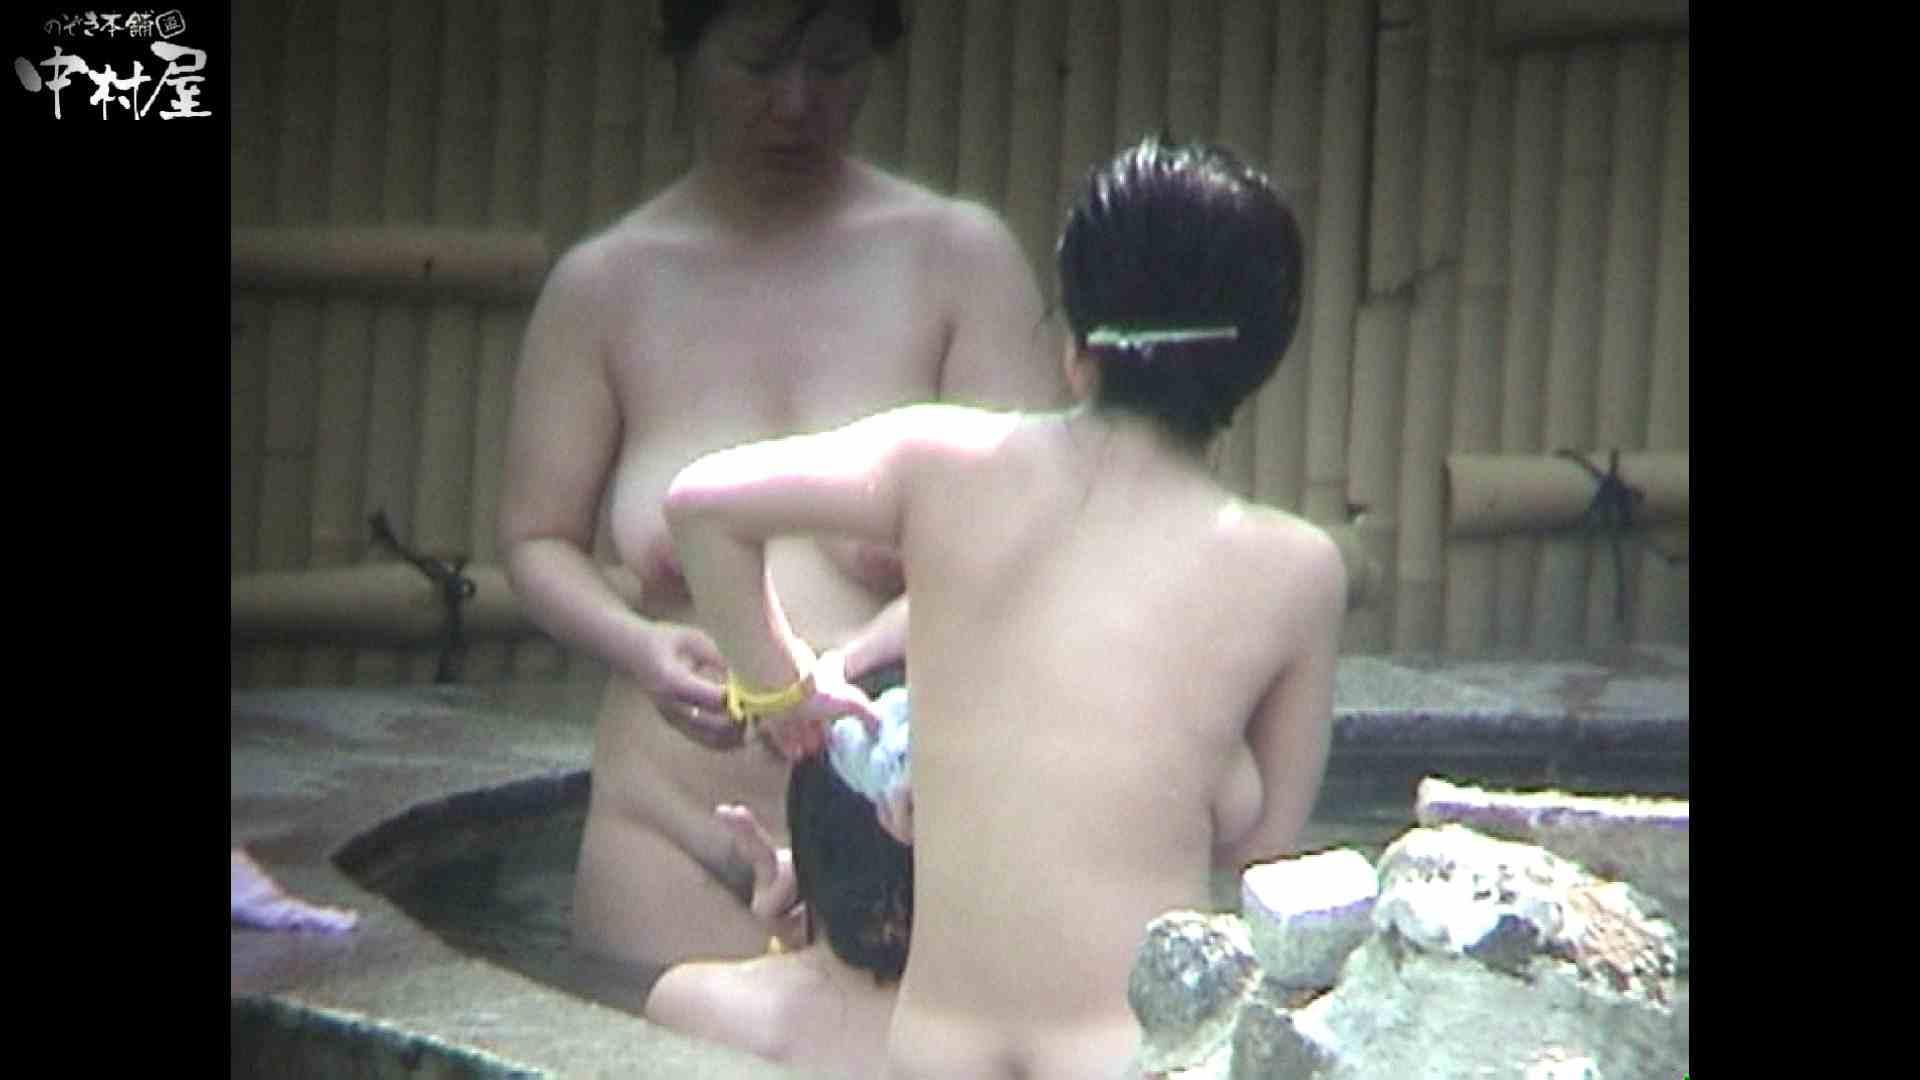 Aquaな露天風呂Vol.936 OLセックス 覗きぱこり動画紹介 75画像 71
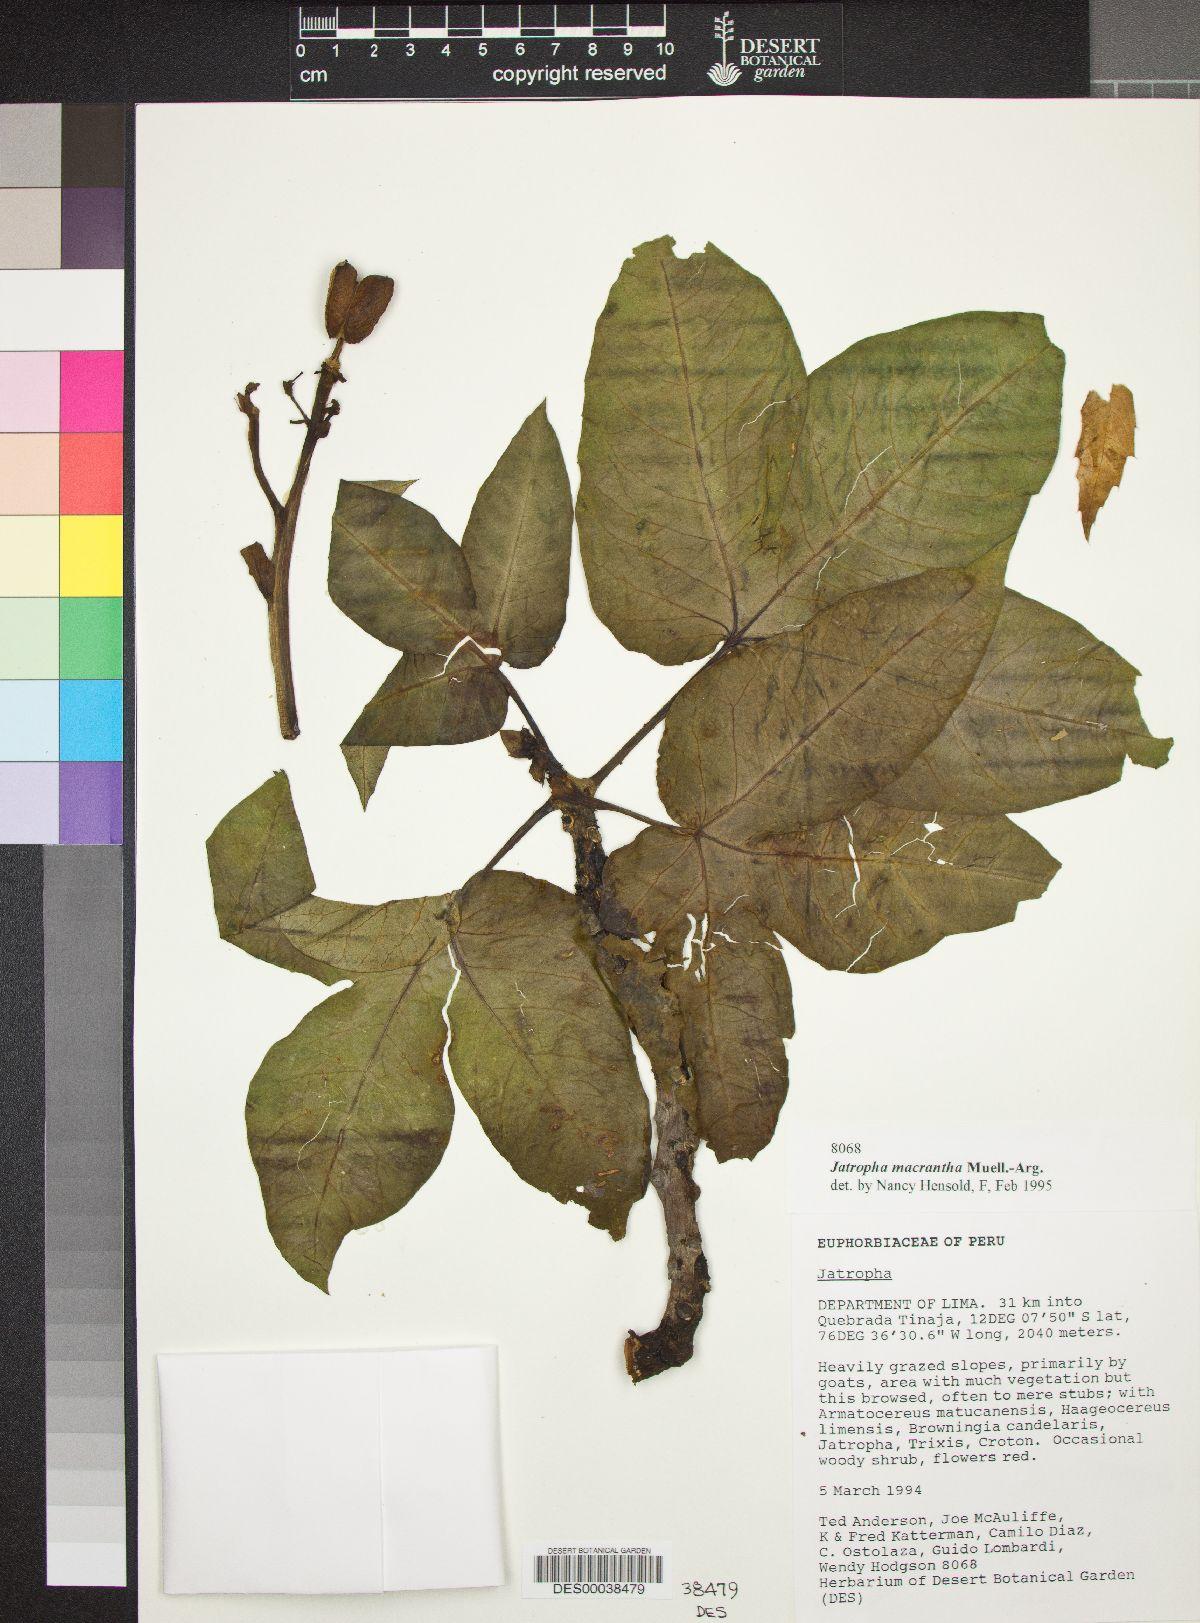 Jatropha macrantha image
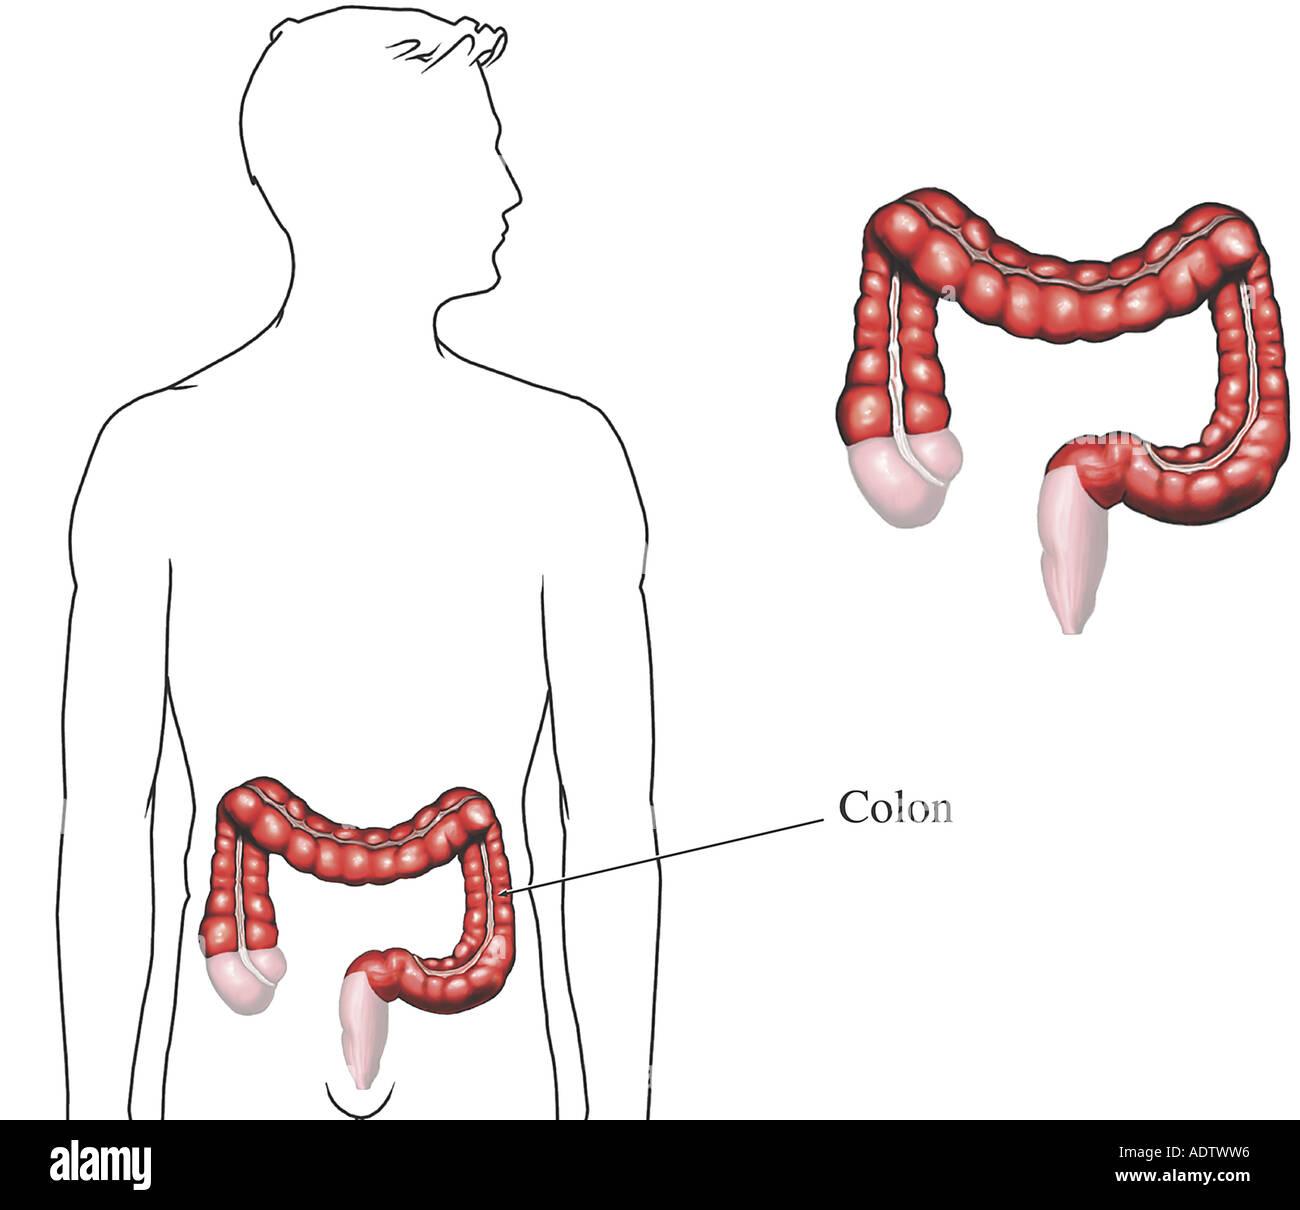 Anatomie des Colon (Dickdarm Stockfoto, Bild: 7710549 - Alamy
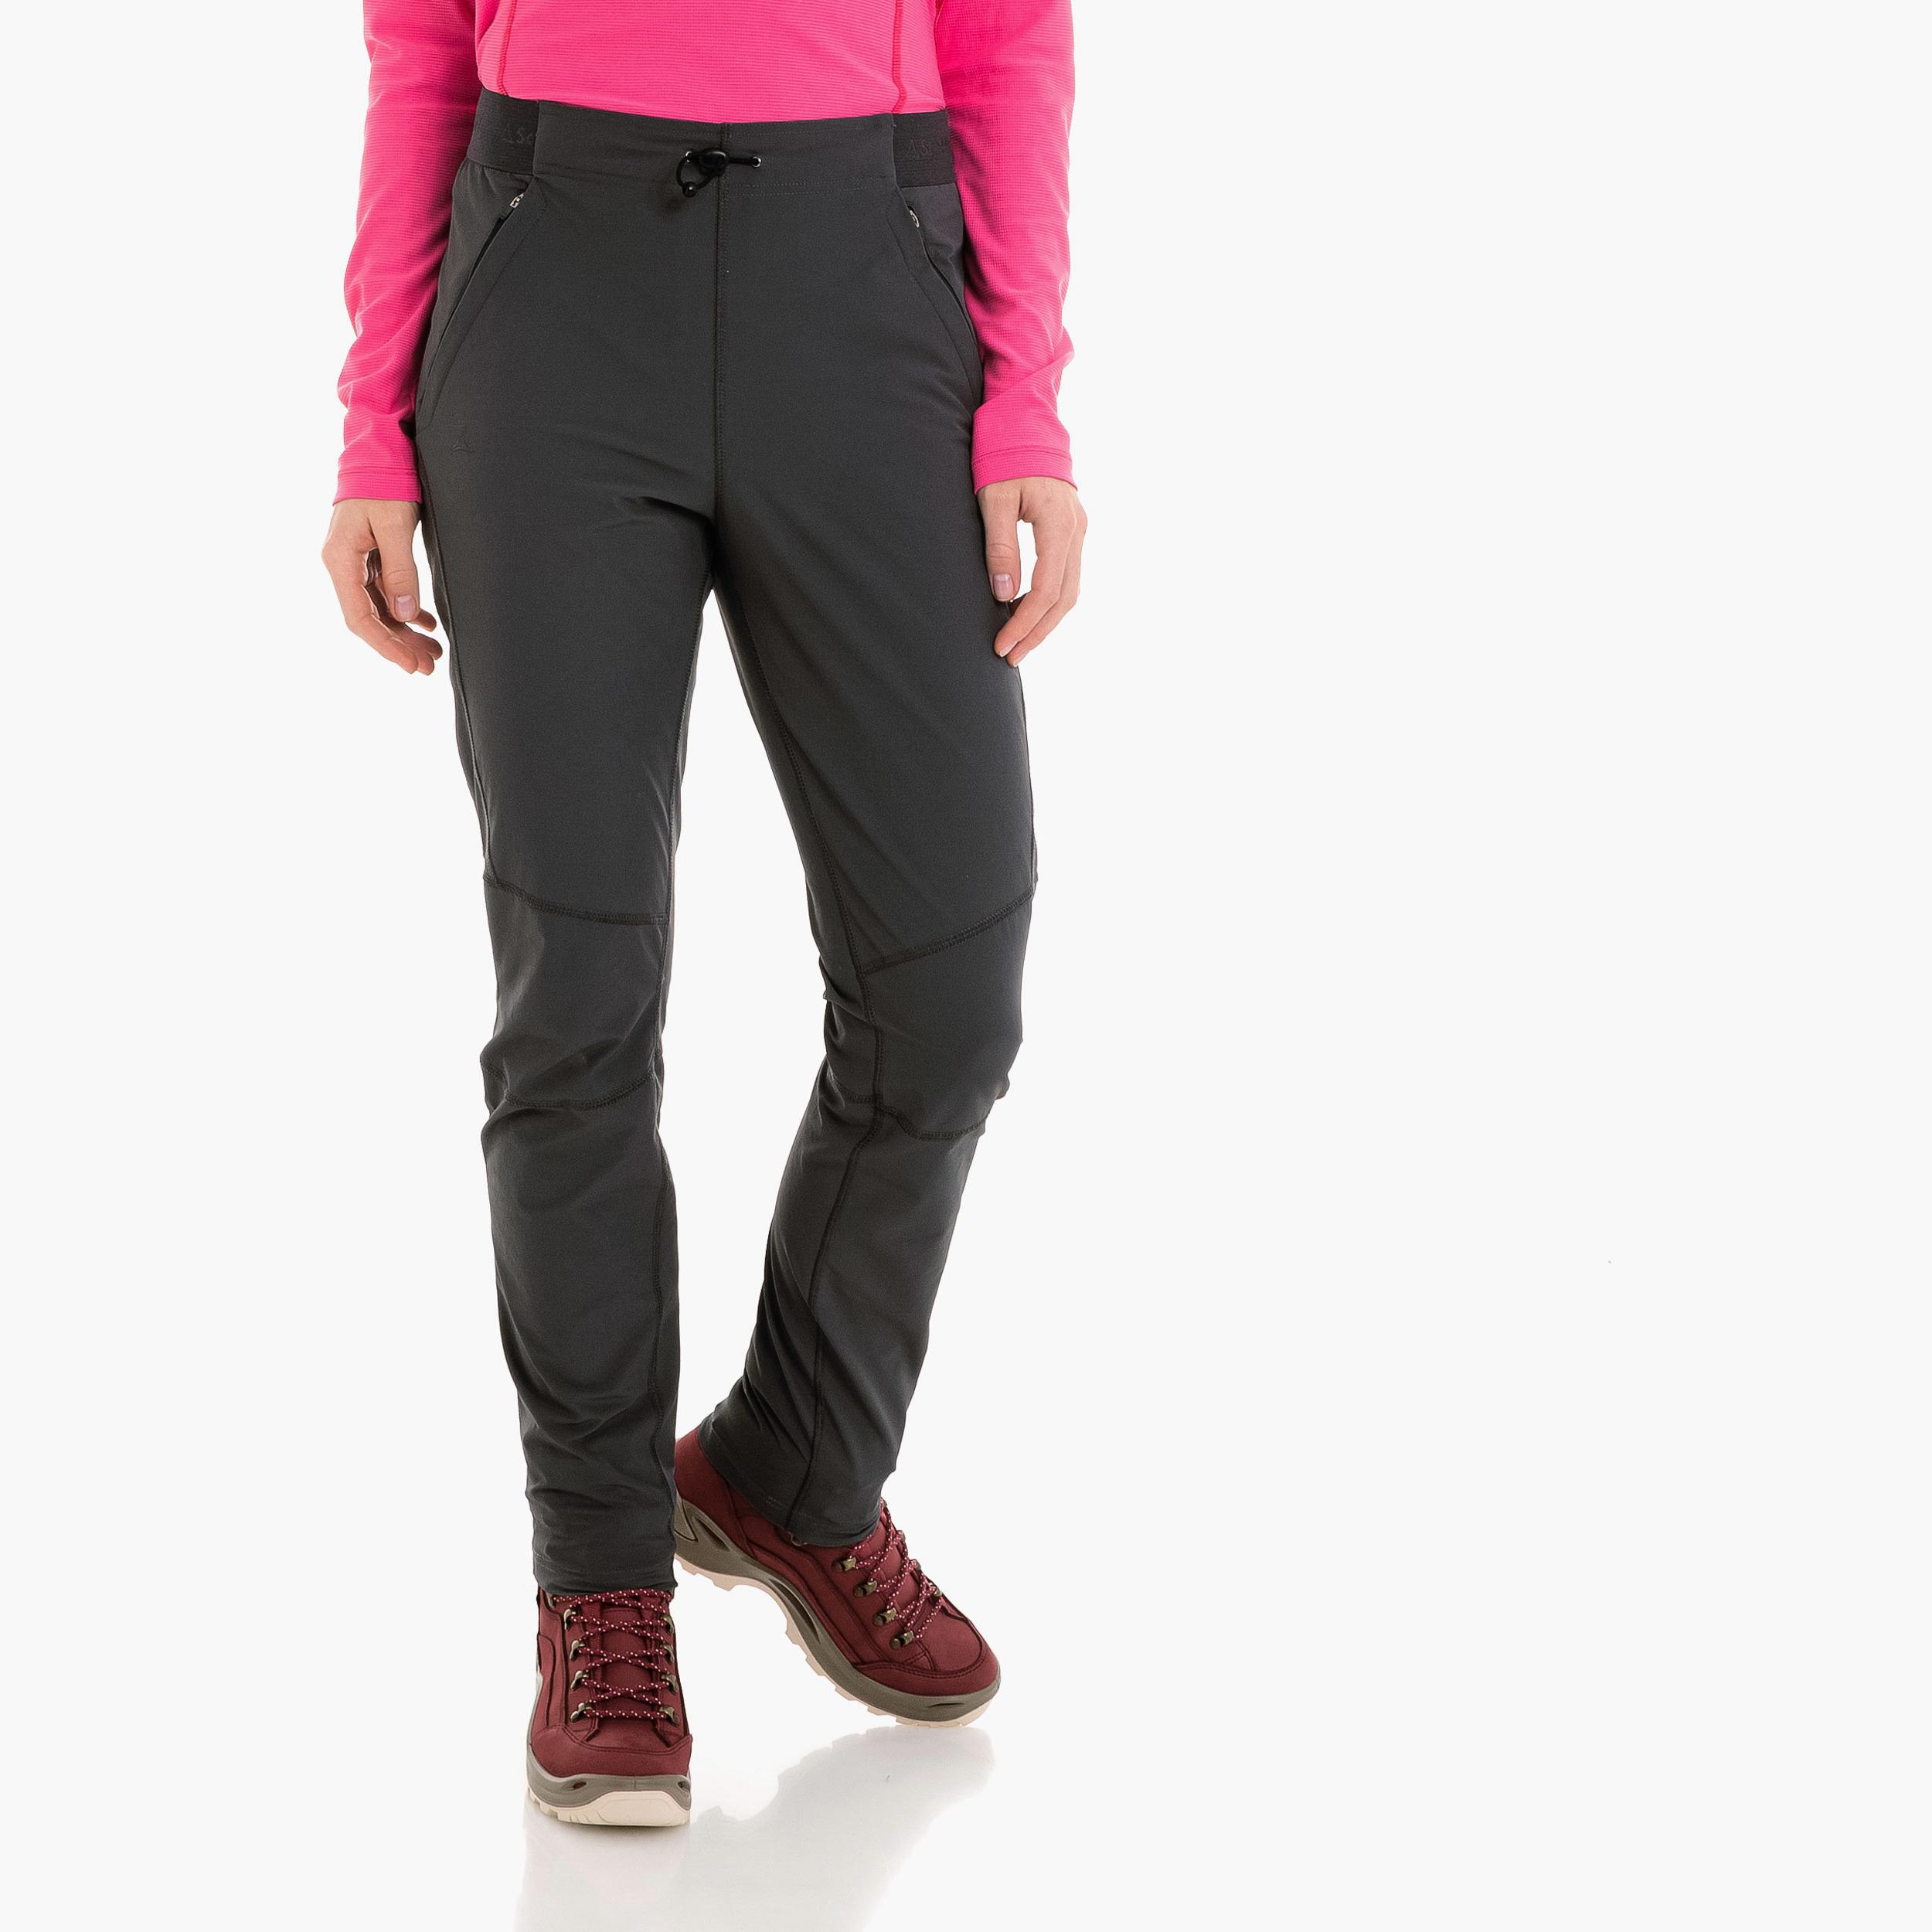 Pants Tight

- Description of the task
Everything from the line containing "Anatomie des Colon" to the last line of the listing above must be reproduced exactly, with no pictures included.

- Task result
 Anatomie des Colon (Dickdarm Stockfoto, Bild: 7710549 - Alamy
 Pants Tight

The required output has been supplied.